July 2, 2022

Archives for June 2004


Today I’ll be speaking on a panel at the USENIX Conference in Boston, on “The Politicization of [Computer] Security.” The panel is 10:30-noon, Eastern time. The other panelists are Jeff Grove (ACM), Gary McGraw (Cigital), and Avi Rubin (Johns Hopkins).

If you’re attending the panel, feel free to provide real-time narration/feedback/discussion in the comments section of this post. I’ll be reading the comments periodically during the panel, and I’ll encourage the other panelists to do so too.

Victims of Spam Filtering

Eric Rescorla wrote recently about three people who must have lots of trouble getting their email through spam filters: Jose Viagra, Julia Cialis, and Josh Ambien. I feel especially sorry for poor Jose, who through no fault of his own must get nothing but smirks whenever he says his name.

Anyway, this reminded me of an interesting problem with Bayesian spam filters: they’re trained by the bad guys.

[Background: A Bayesian spam filter uses human advice to learn how to recognize spam. A human classifies messages into spam and non-spam. The Bayesian filter assigns a score to each word, depending on how often that word appears in spam vs. non-spam messages. Newly arrived messages are then classified based on the scores of the words they contain. Words used mostly in spam, such as “Viagra”, get negative scores, so messages containing them tend to get classified as spam.
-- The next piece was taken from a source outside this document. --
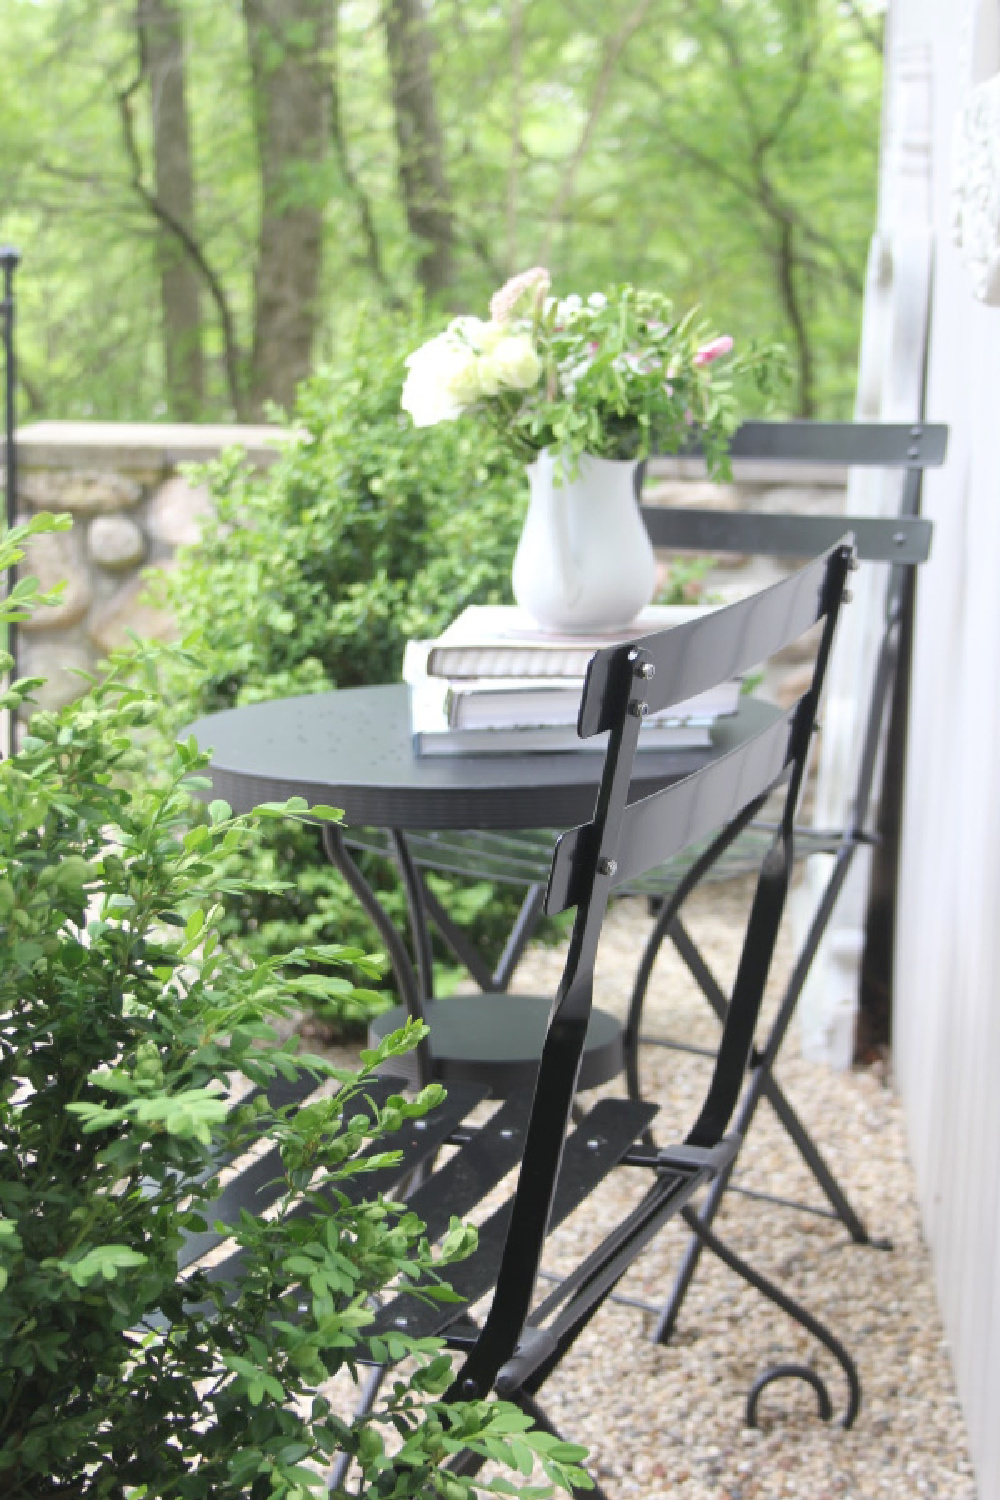 Hello Lovely Parisian Café Chair - perfect for gardens, patio, and small outdoor spaces or balconies. Parisian romance and folding bistro chairs tuck away for storage. #hellolovelystudio #frenchmodern #frenchcountry #Frenchbistro #outdoordecor #patioset #smallpatios #parisianchairs #bistrochair

Which is good, unless your name is Jose Viagra.]

Many spammers have taken to lacing their messages with sections of “word salad” containing meaningless strings of innocuous-looking words, in the hopes that the word salad will trigger positive associations in the recipient’s Bayesian filter.

Now suppose a big spammer wanted to poison a particular word, so that messages containing that word would be (mis)classified as spam. The spammer could sprinkle the target word throughout the word salad in his outgoing spam messages. When users classified those messages as spam, the targeted word would develop a negative score in the users’ Bayesian spam filters. Later, messages with the targeted word would likely be mistaken for spam.

This attack could even be carried out against a particular targeted user. By feeding that user a steady diet of spam (or pseudo-spam) containing the target word, a malicious person could build up a highly negative score for that word in the targeted user’s filter.

Of course, this won’t work, or will be less effective, for words that have appeared frequently in a user’s legitimate messages in the past. But it might work for a word that is about to become more frequent, such as the name of a person in the news, or a political party. For example, somebody could have tried to poison “Fahrenheit” just before Michael Moore’s movie was released, or “Whitewater” in the early days of the Clinton administration.

There is a general lesson here about the use of learning methods in security. Learning is attractive, because it can adapt to the bad guys’ behavior. But the fact that the bad guys are teaching the system how to behave can also be a serious drawback.

"Tech" Lobbyists Slow to Respond to Dangerous Bills

Dan Gillmor, among others, bemoans the lack of effective lobbying by technology companies. Exhibit A is their weak and disorganized response to various bills, such as the Hatch INDUCE/IICA Act, that would give the movie and music industries veto power over the development of new technology. It’s true that large tech companies have been slow and clumsy in addressing these issues; but that’s not the whole story.

The other part of the story is that the interests of a few large tech companies don’t necessarily coincide with those of the technology industry as a whole, or of the users of technology. Giving the entertainment industry a veto over new technologies would have two main effects: it would slow the pace of technical innovation, and it would create barriers to entry in the tech markets. Incumbent companies may be perfectly happy to see slower innovation and higher barriers to entry, especially if the entertainment-industry veto contained some kind of grandfather clause, either implicit or explicit, that allowed incumbent products to stay in the market – as seems likely should such a veto be imposed.

Just to be clear, an entertainment-industry veto would surely hurt the tech incumbents. It’s just that it would hurt their upstart competitors more. So it’s not entirely surprising that the incumbents would have some mixed feelings about veto proposals, though it is disappointing that the incumbents aren’t standing up for the industry as a whole.

What can be done about this? I don’t see an easy answer. In Washington, it seems to be standard procedure to mistake the voices of a few incumbents for those of a whole industry. Certainly, the incumbents have no interest in contradicting that assumption. Our best hope is that the incumbents will see it in their own long-term interest to foster a fast-moving, highly competitive industry.